# Description of the task
Look below for the line that contains "Lot 6 - Collectie", then quote it and all the lines after it, exactly, with the pictures left out.

# Supplied material
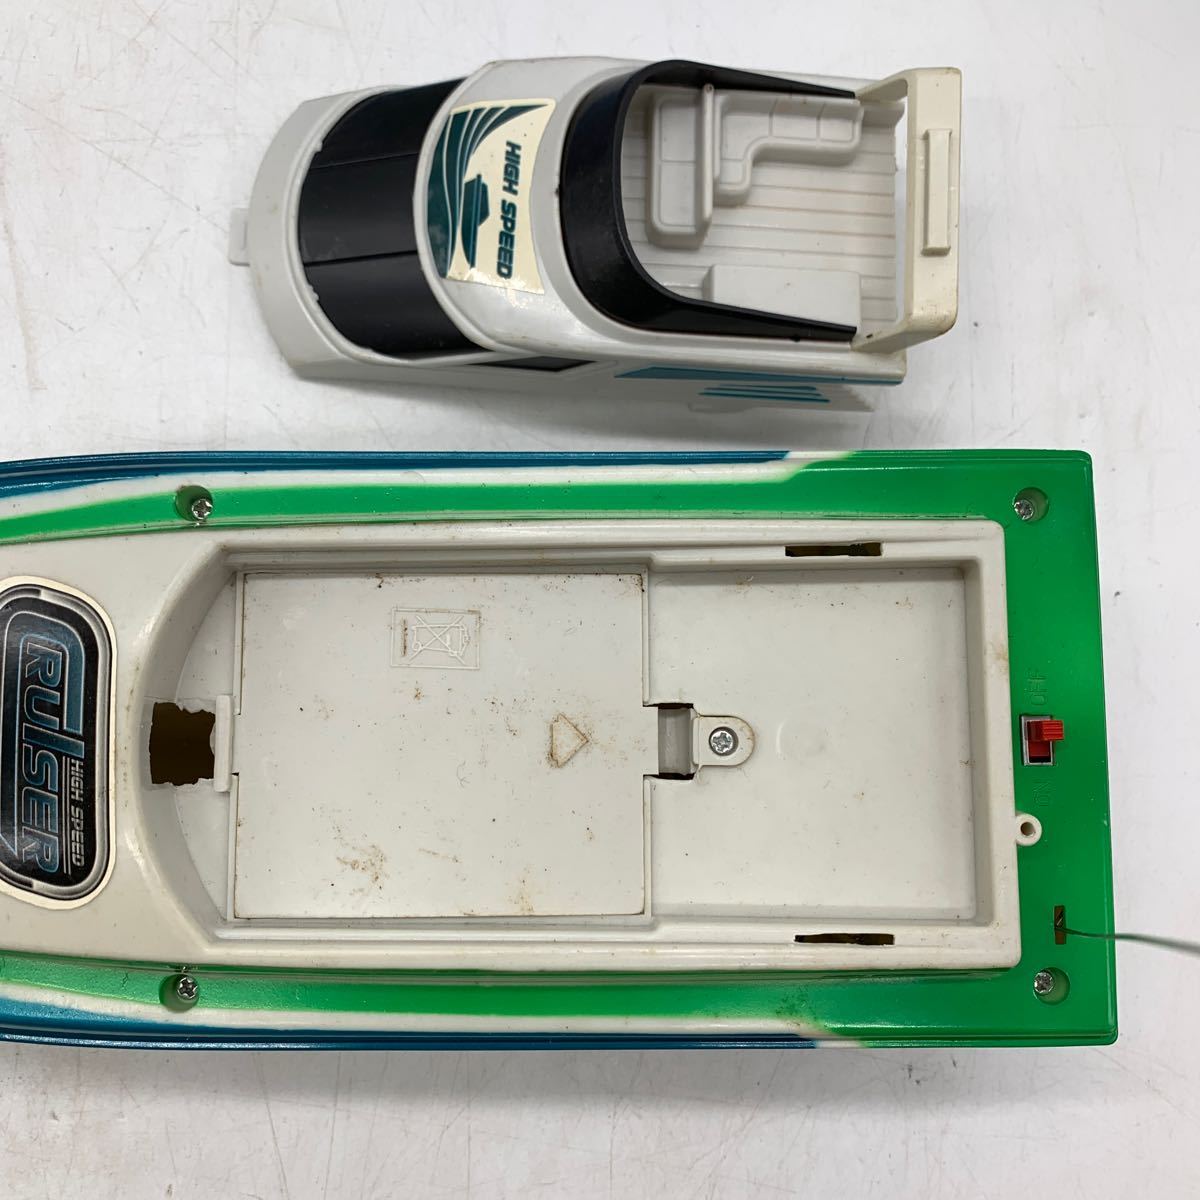 6-2-45# радиоконтроллер лодка Cruiser высокая скорость лодка RC Cruiser модель зеленый акционерное общество ji хлеб g retro коллекция Junk 
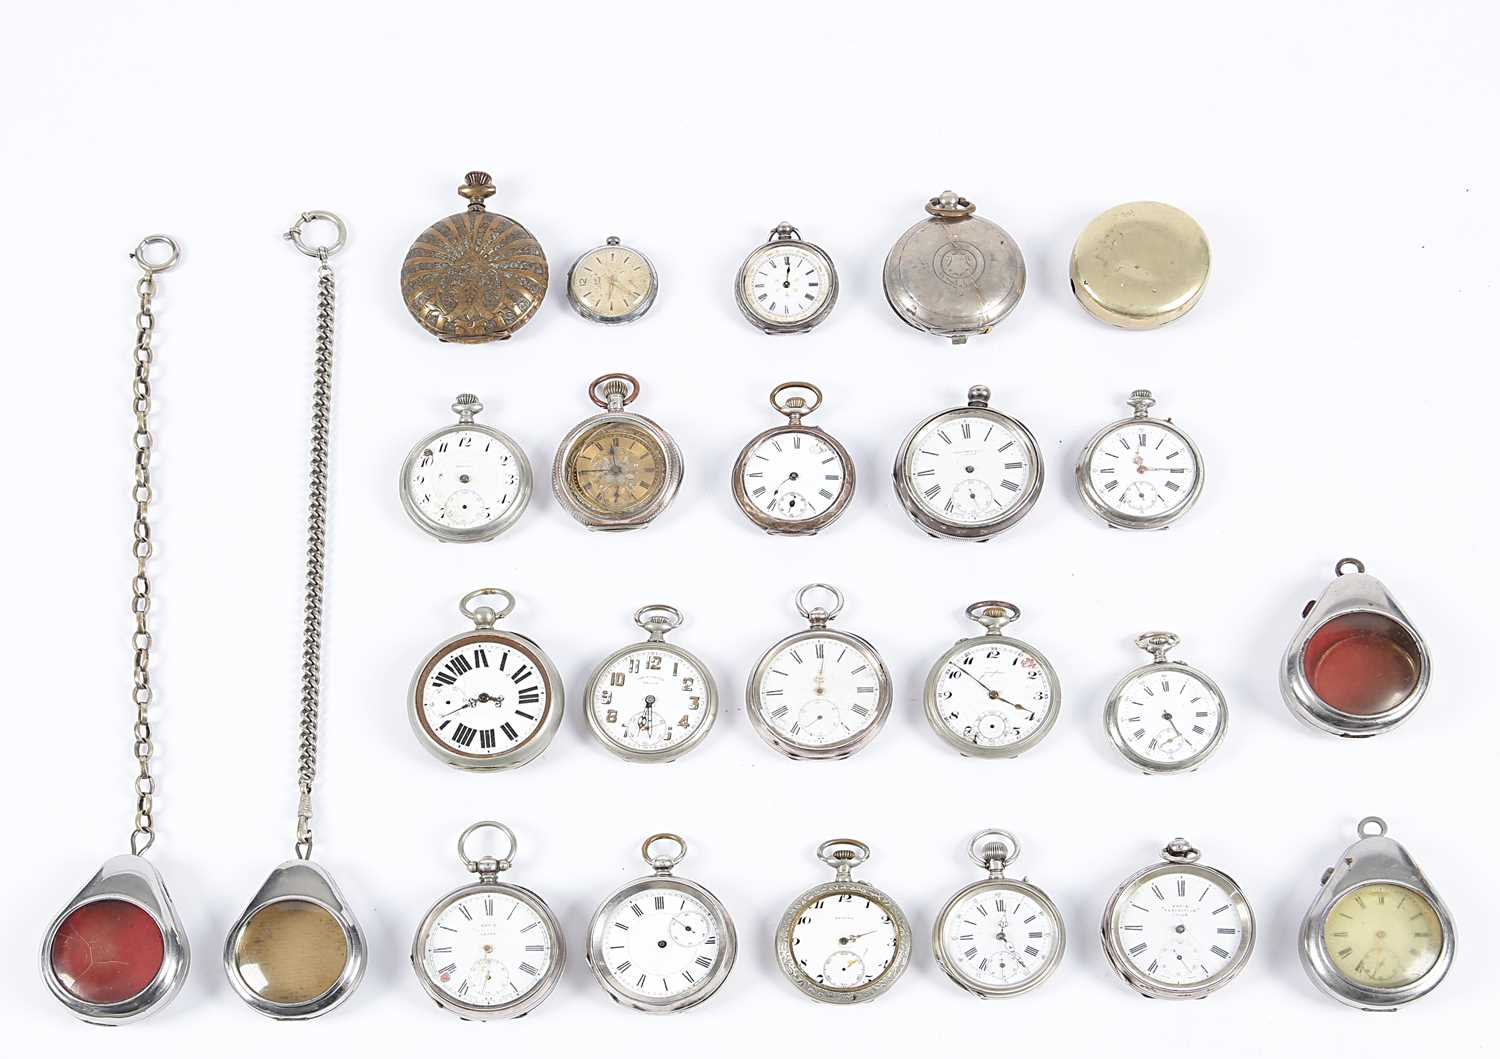 Lot 6 - Collectie diverse zakhorloges en horloge houders (rond 1900).
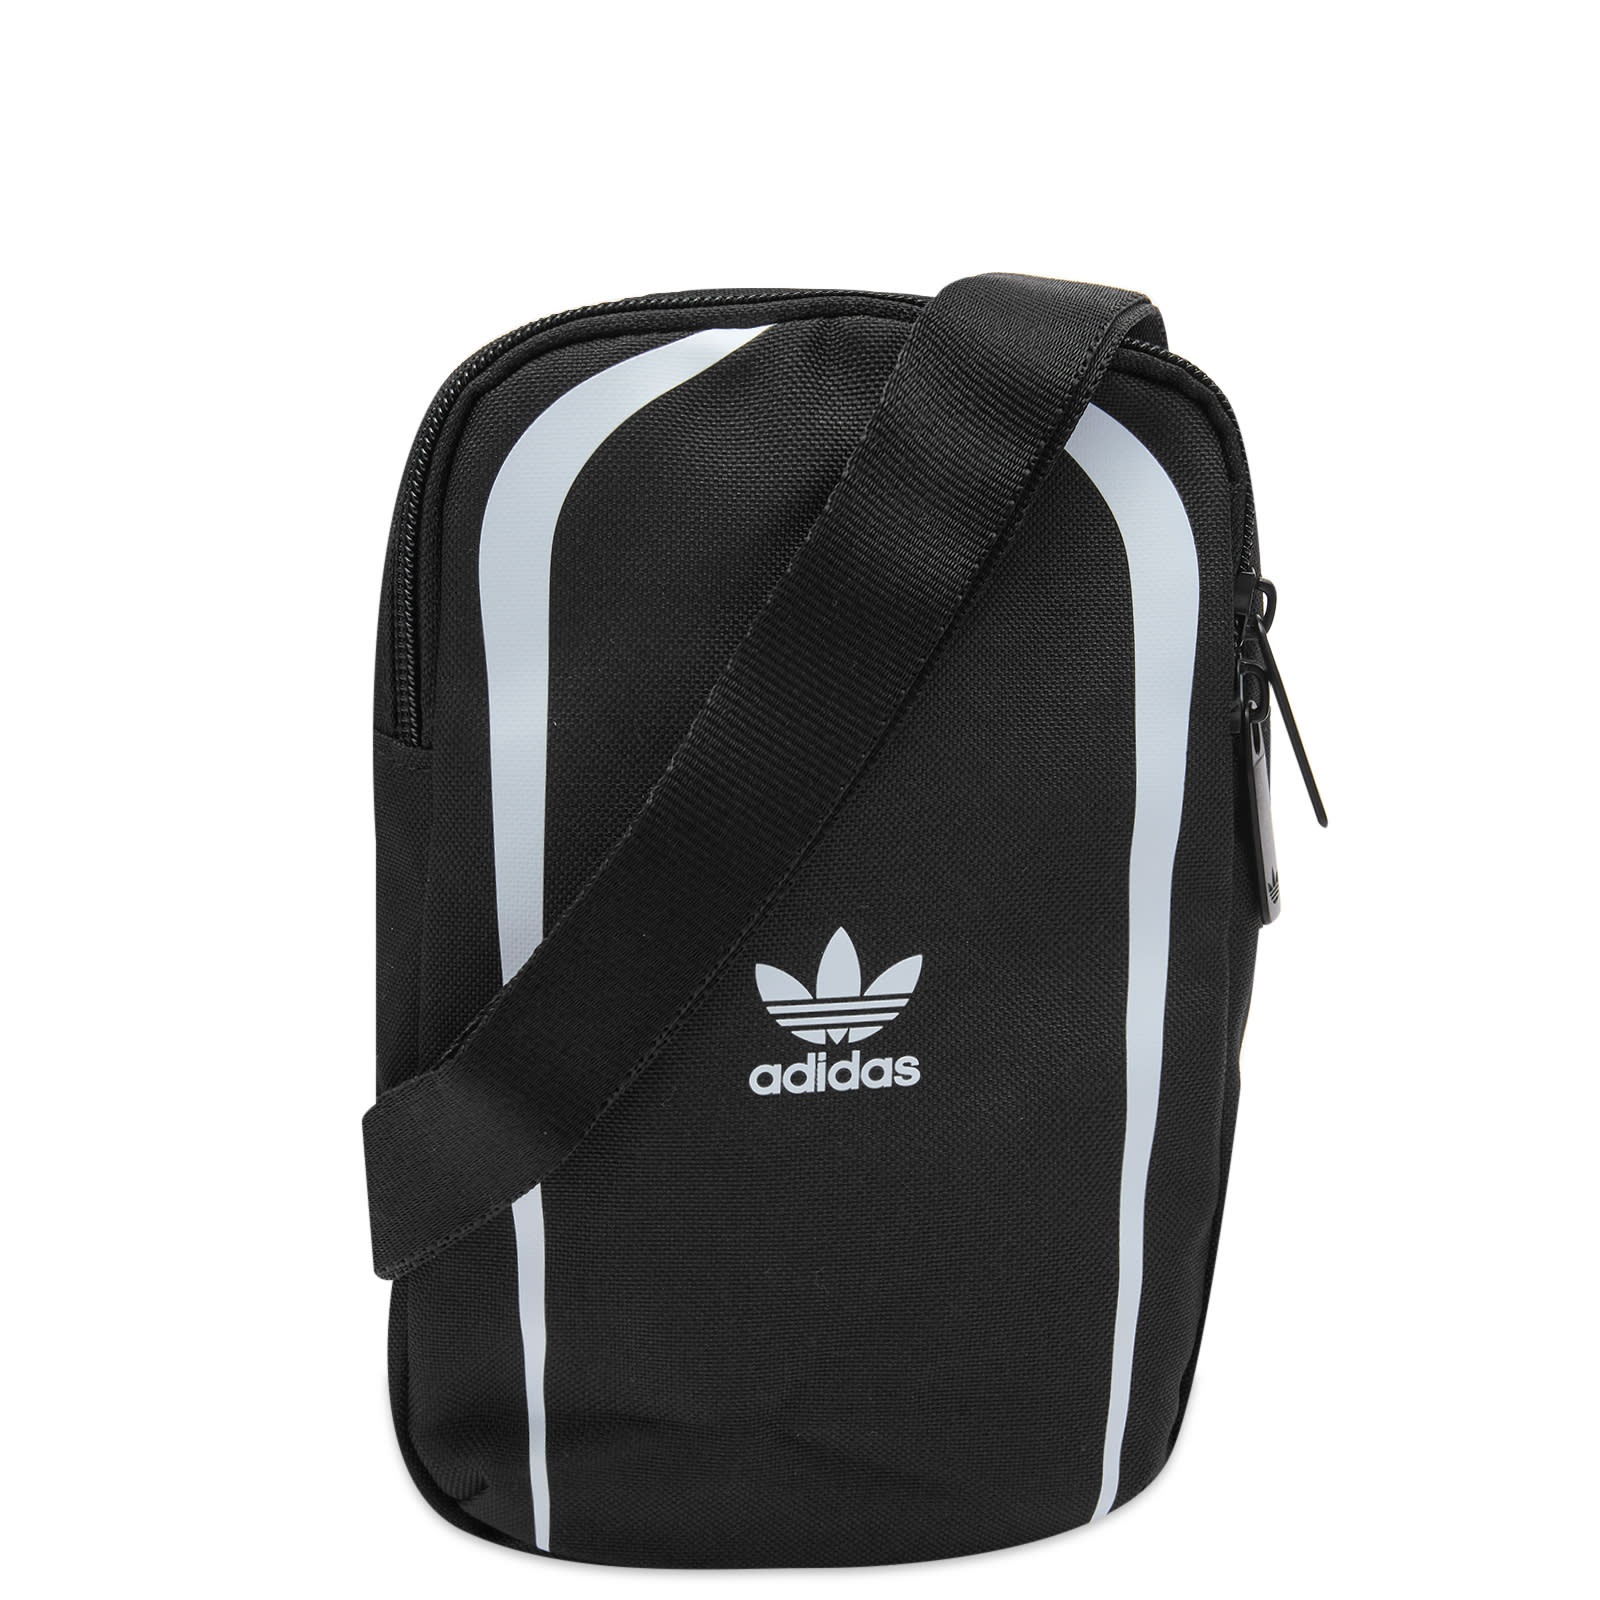 Adidas Retro Small Item Bag - 1

# Solution to the problem
 Lot 6 - Collectie diverse zakhorloges en horloge houders (rond 1900).
 Adidas Retro Small Item Bag - 1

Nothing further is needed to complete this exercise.